Am Anfang war der Zweifel. Pilgern – heißt das denn nicht Morgengebet, Mittagsandacht und Abendmahl? Übernachten in alten Bauernhöfen, Jugendherbergen und auf Matratzenlagern? Unterwegs bei jedem Wetter mit Rucksack und Schlafsack? Und 25 Kilometer gehen pro Tag? Soll ich mir das mit 72 Jahren noch antun?
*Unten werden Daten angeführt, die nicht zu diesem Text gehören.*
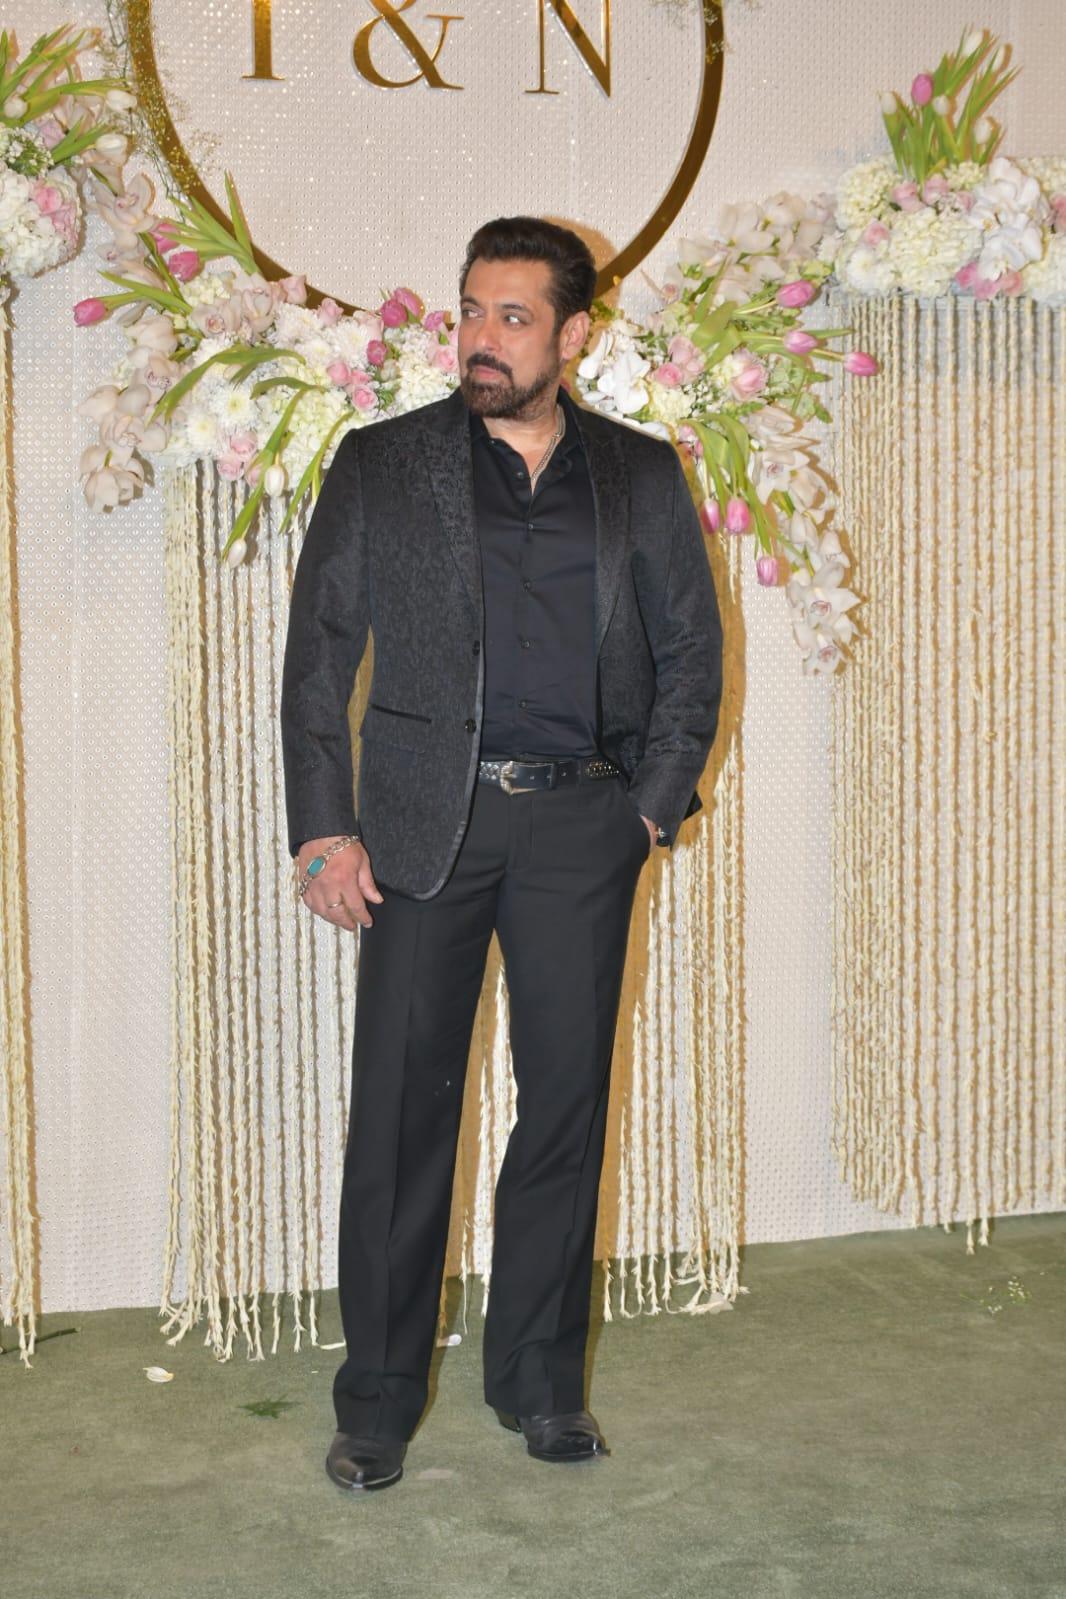 Bhaijaan Salman Khan arrived in a black three-piece suit to bless the couple and stole the spotlight with his swag

Meine Frau Bigi und ich waren zuvor noch nie pilgern. Schon eines der ersten Gebete unseres Hamburger Pilgerpastors Bernd Lohse im glasüberdachten Dom in Hamar, etwa 90 Kilometer nördlich von Oslo, hat uns jedoch tief berührt: "Wenn wir uns nun aufmachen und uns geborgen wissen in Gottes Händen und hinausziehen in unbekannte Gebiete, wollen wir uns erinnern an Gottes Verheißungen die für die ganze Reise unseres Lebens gelten."

Ja, Pilgern, so lernte ich rasch, ist mehr als Wandern. Pilgern entschleunigt den hektischen Lebensstil. Die Rituale des Gehens, Schweigens, Betens, Meditierens, Singens, der Einfachheit, der Gemeinschaft tun nicht nur dem Körper, sondern vor allem der Seele gut.

Beim Pilgern wurde unsere Gruppe Zeuge vieler kleiner "Wunder" am Wegesrand: In der klaren norwegischen Luft gedeihen Moose und Flechten besonders üppig – eine wahre Sinfonie in Grün, Gelb und Rotbraun. Wir erlebten die "Wunder" des Weges von Tag zu Tag intensiver. Beim Schweigen hörten wir Bäume sprechen, Wasser singen und den Wind flüstern. Und plötzlich verstanden wir, warum der heilige Franziskus vor 900 Jahren von unserer Mutter Erde, unserer Schwester Sonne und unseren Geschwistern, den Pflanzen und Tieren, sprach. Auch er hatte diese tiefe Verbundenheit mit allem Leben nicht in der Gelehrtenstube, sondern in Gottes freier, traumhafter Natur erlebt.

Pilgern verändert! Du entdeckst die Schönheit im Kleinen und wirst offen für das Unerwartete – auch im Gespräch mit den anderen. Danach lebst du bewusster und achtsamer. Du läufst in einer fremden Landschaft bei jedem Wetter, so wie wir auf dem 650 Kilometer langen Olavsweg, und bist in Wahrheit auf dem Weg zu dir selbst, zu deinem Selbst.